Bishop Briggs-Dark Side
Tamam.
Bazı gerçeklerden biri de, yeterince iyi bir insan olmadığımdı. Yani en başta, dört dörtlük bir evlat değildim. Kardeş hiç değildim. Mesela ağabeyimin başarısı karşılığında ailem onunla gurur duyduğunu her fırsatta dile getirirken içten içe kıskançlık yapardım. Başarısı umurumda değildi çünkü onun aldığı ödüllerin bana artı olarak hiçbir getirisi olmuyordu hatta biraz açtığımızda bu durum bana çoğu zaman eksi yönde geliyordu. Bundan memnun olmasam da ve hatta nefret etsem de tıpkı onun gibi ailemi gururlandırmak adına herhangi bir çaba sarf etmiyordum genel olarak. Notlarımı yükseltmeye çalıştığım zamanlar oldu elbette ya da diğer açıdan, ağabeyim adına gerçekten iyi hissettiğim ve tıpkı babam gibi gurur duyduğum anlar oldu. Ancak kusurlu bir insan olarak, benim hatırladığım şeyler yalnıza eksilerdi. Onların benim için yaptığı güzel şeyleri o an hatırlardım ama sonra bunun bir önemi kalmazdı çünkü aklımı benim için kötü olan şeylerle meşgul ederdim. Çoğu zaman. Hayatımın büyük bir bölümünde.

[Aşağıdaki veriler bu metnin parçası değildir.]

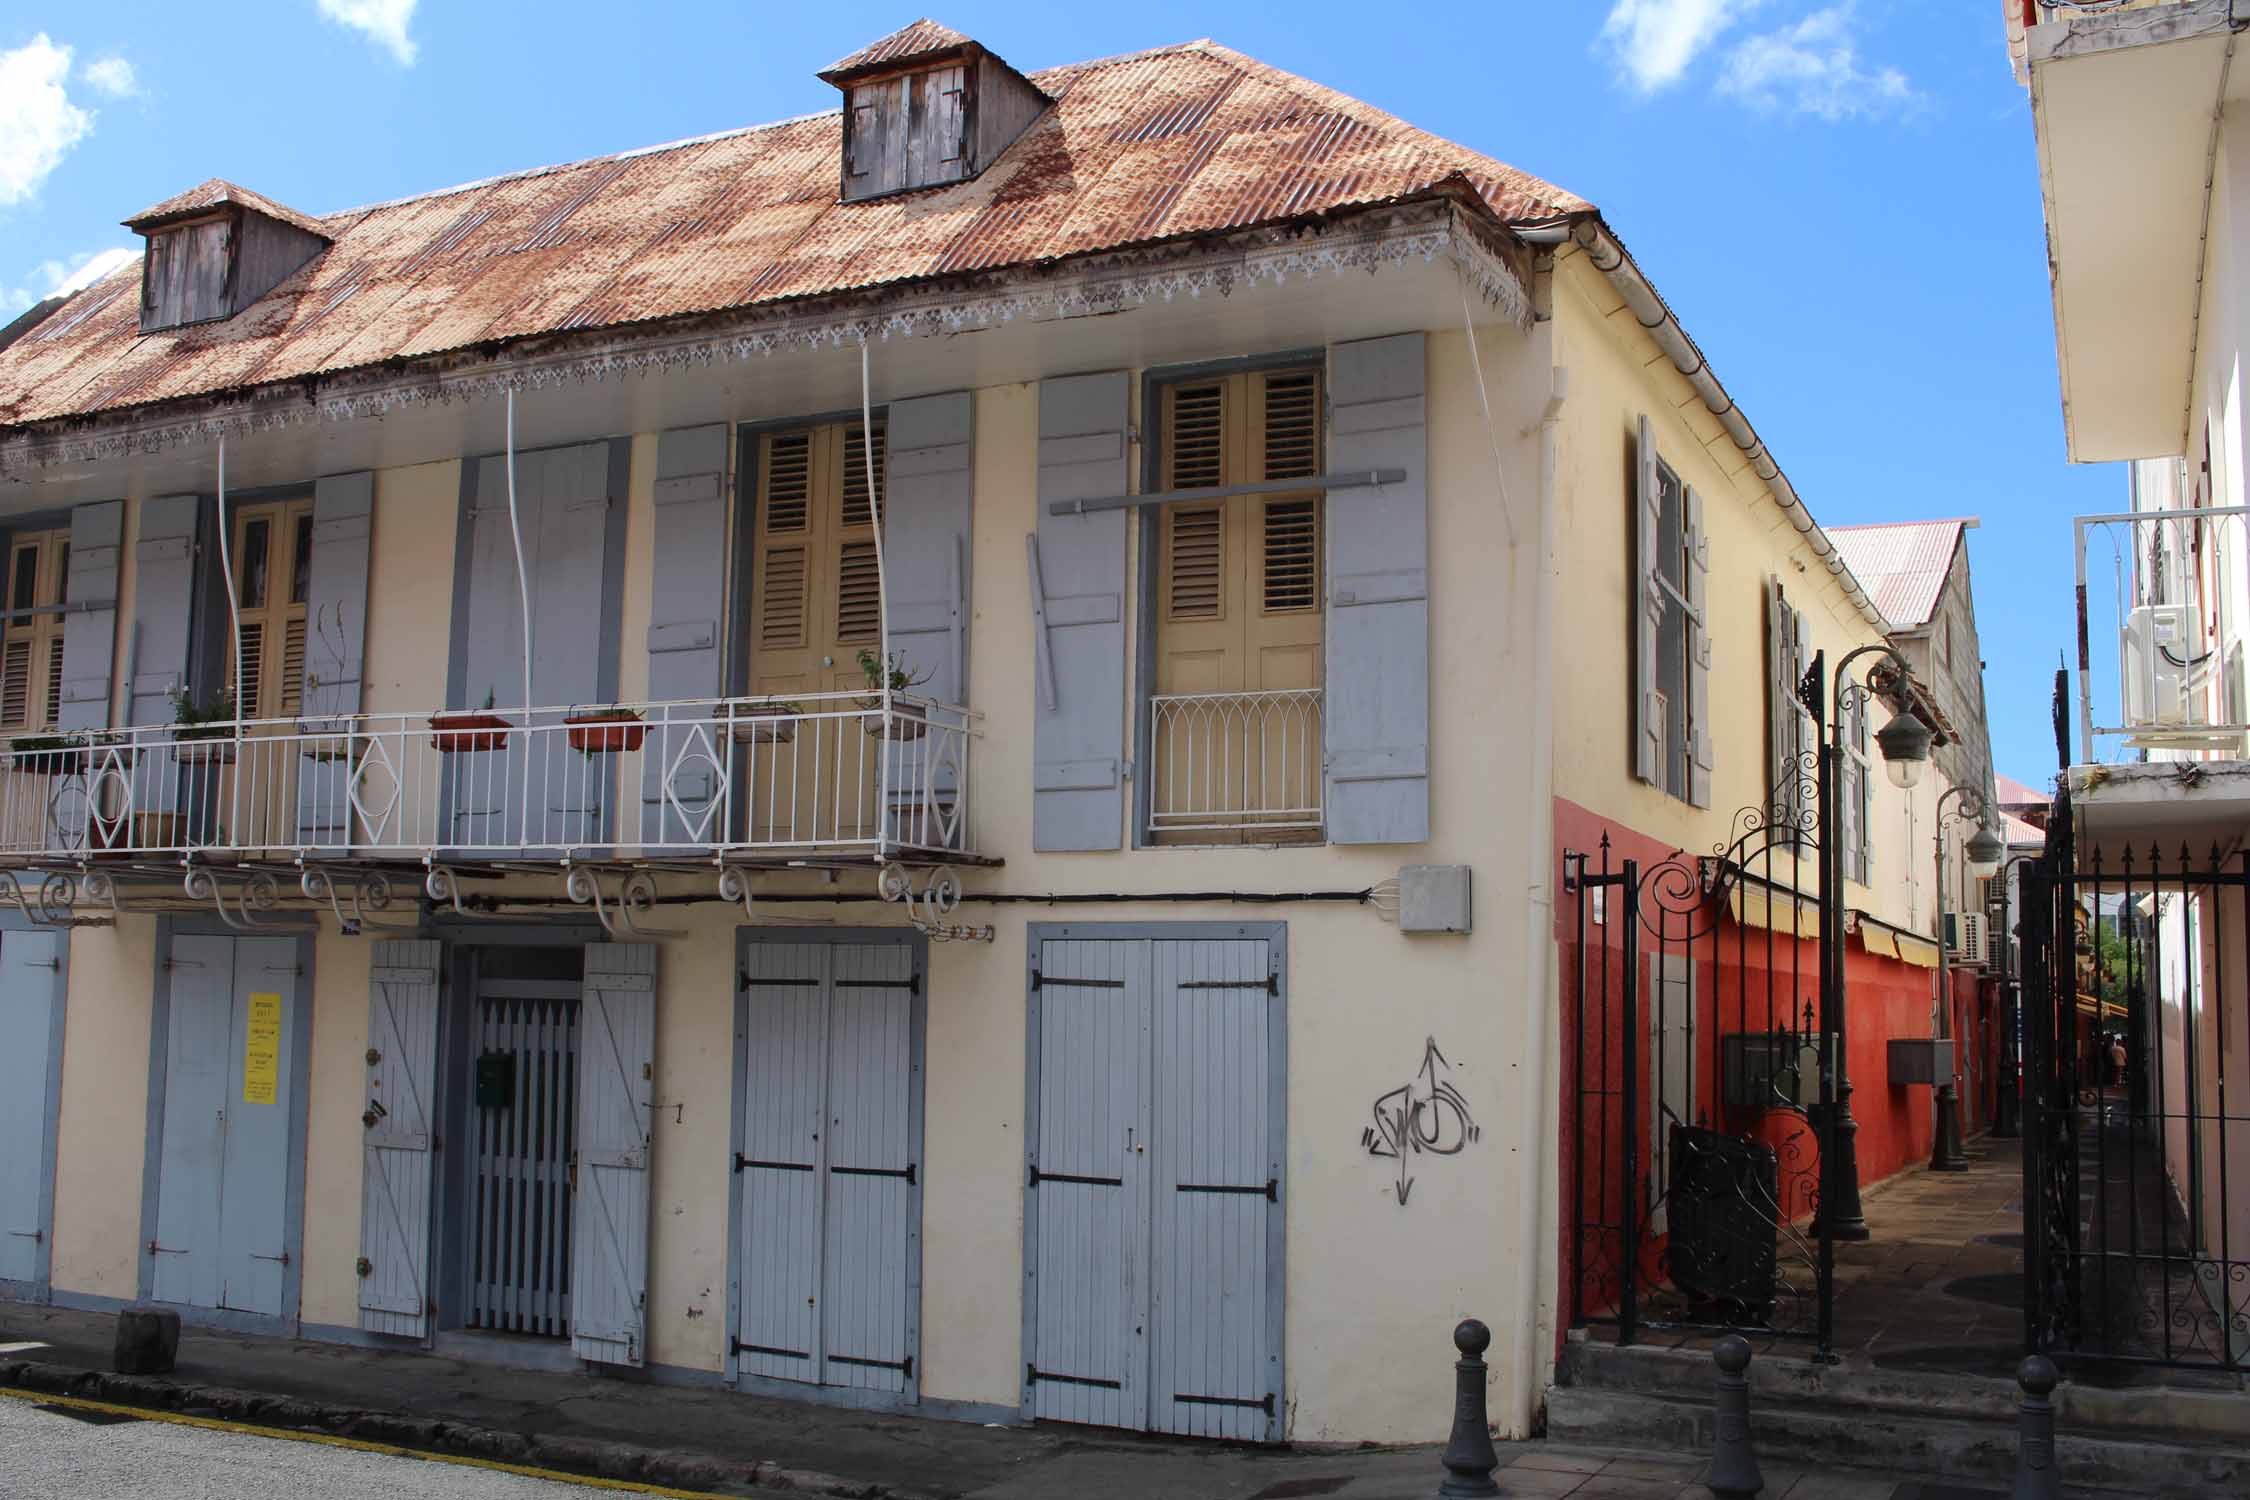 Basse-Terre, Guadeloupe, maison typique

Ağabeyim neden bu kadar iyi olmak zorunda?
Neden onun gibi olmalıyım?
Neden sadece azimli bir çocuk olmak zorundayım?
Neden notlar onlar için bu kadar önemli?
Ve türevleri.
Açıkçası bazen vicdan azabı duyduğum anlar oluyordu, taş kalpli bir insan değildim. Tek istediğim özgürlüktü, birileriyle sürekli kıyaslanmak değildi. O gittiğinde hayatım birçok açıdan yoluna girmişti, annemle babam benimle daha fazla ilgileniyordu ve bu mutluluk, onların arkasından iş çevirmemi engelliyordu. Okulu asmak, ders çalışmak yerine oyun oynayıp dışarılarda sürtmek gibi şeyleri.

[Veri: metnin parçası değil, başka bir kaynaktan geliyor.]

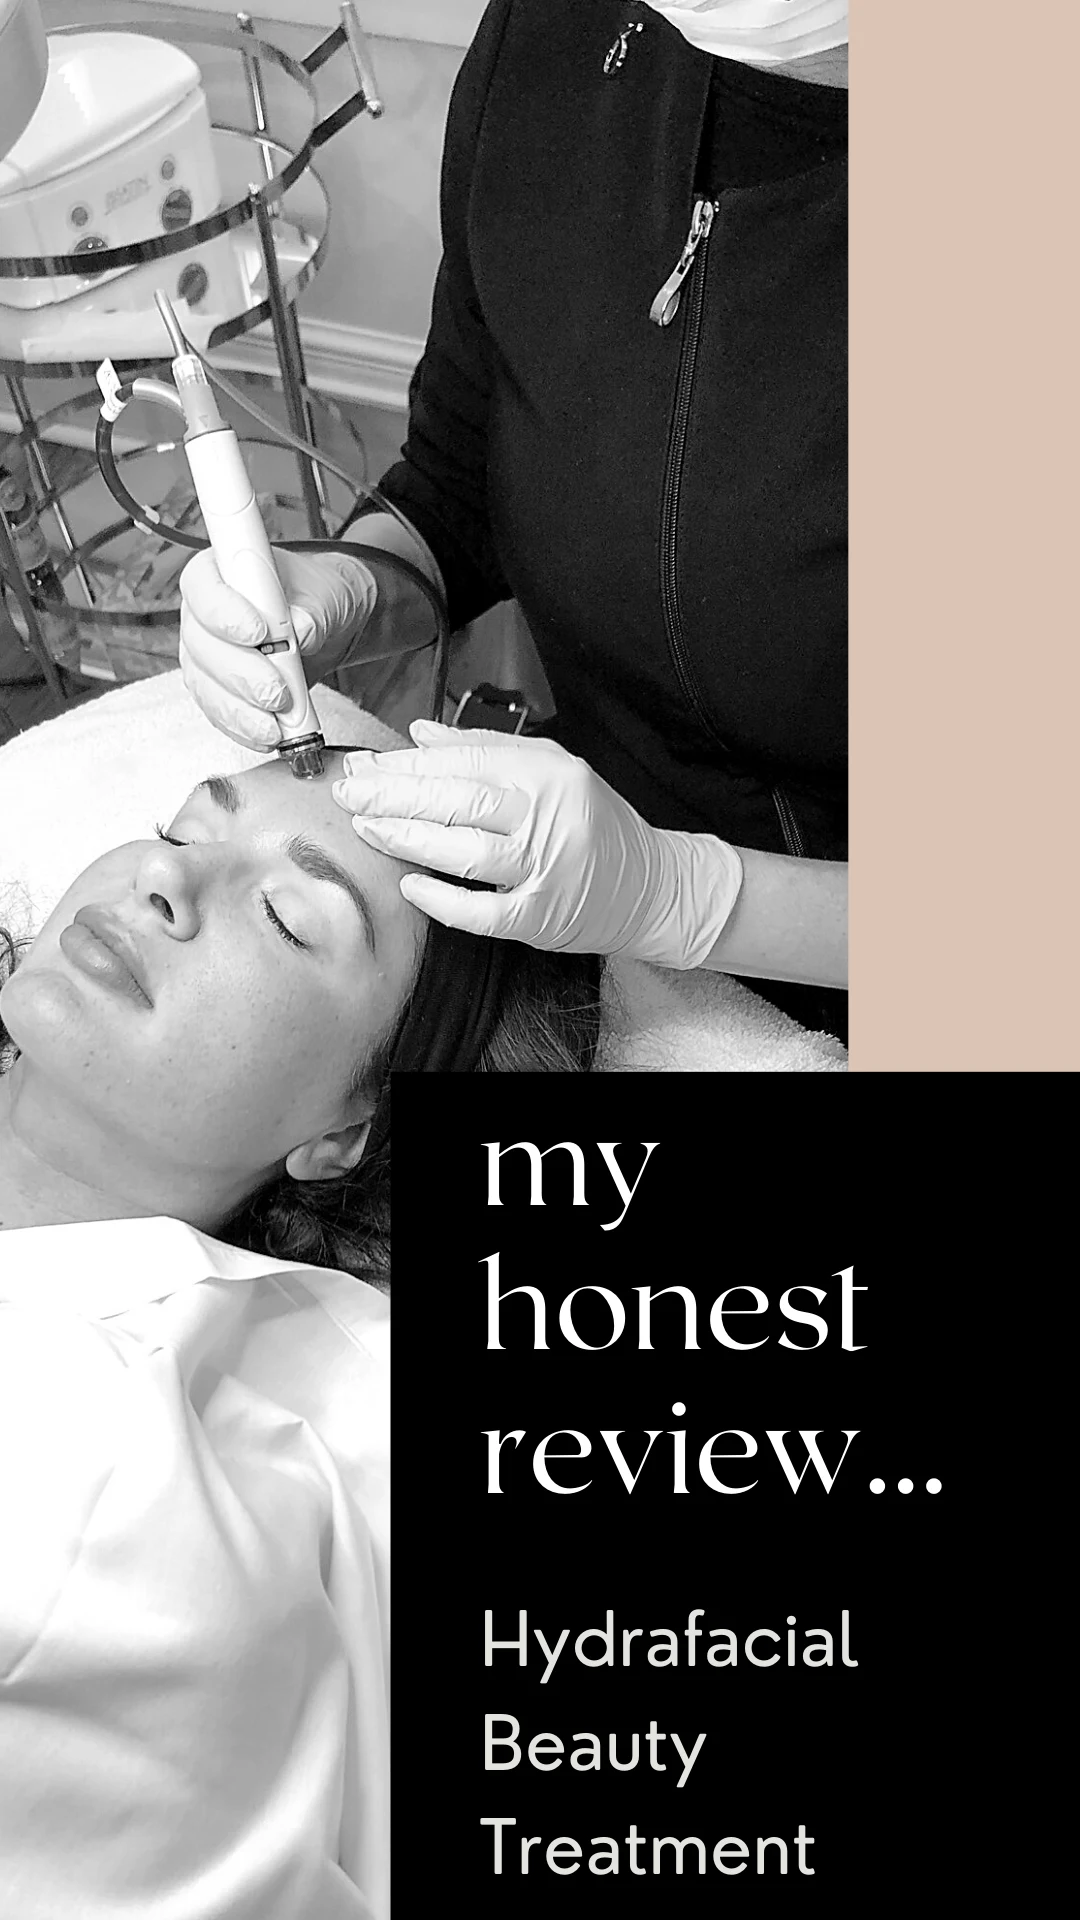 Hydrafacial beauty treatment review

Çıkarcı bir insan olduğumu biliyordum. Biraz ergen, kıskanç ve biraz da kibirli. Hayatta iyi olduğum sadece iki şey vardı ve ilki kesinlikle iyi bir arkadaş olmaktı. Yani en azından derinlere indiğimiz zaman. En yakın arkadaşım olan Jimin'e çok değer verirdim mesela. Onun için yapmayacağım şey yoktu, çoğu zaman ona da ciddiyetsiz, şerefsizin teki gibi davranıyor olsam da o suratını astığı anda, kalbimin kırıldığını hissedebiliyordum. Onun problemleri, benim de problemlerimdi. Mutlu olmasını istiyordum ve dudaklarının kenarlarının yukarıya kıvrıldığını gördüğüm her anda, ben de mutlu oluyordum. Hoseok daha çok ağabeyim gibiydi, yani şu sinir bozucu olmayanından.
Hayatta başarılı olduğumu düşündüğüm bir diğer şey de kesinlikle Min Yoongi'yi sevmekti. Tamam, bunu yaparken her şeyi çoğu zaman elime yüzüme bulaştırıyor olmam bu başarının ölçütünü sorgulatmıyor değildi ama emindim ki, kalbimin onunla dolu olduğu bölümü kusursuz bir biçimde çalışıyordu. En azından içeriden incelediğimiz zamanda. Ben saklardım elbette bunu; belki sözlerimle, hareketlerimle ama işte kimse bilmiyordu, gözlerime baksalar oradan okunabilecek kadar kuvvetliydi.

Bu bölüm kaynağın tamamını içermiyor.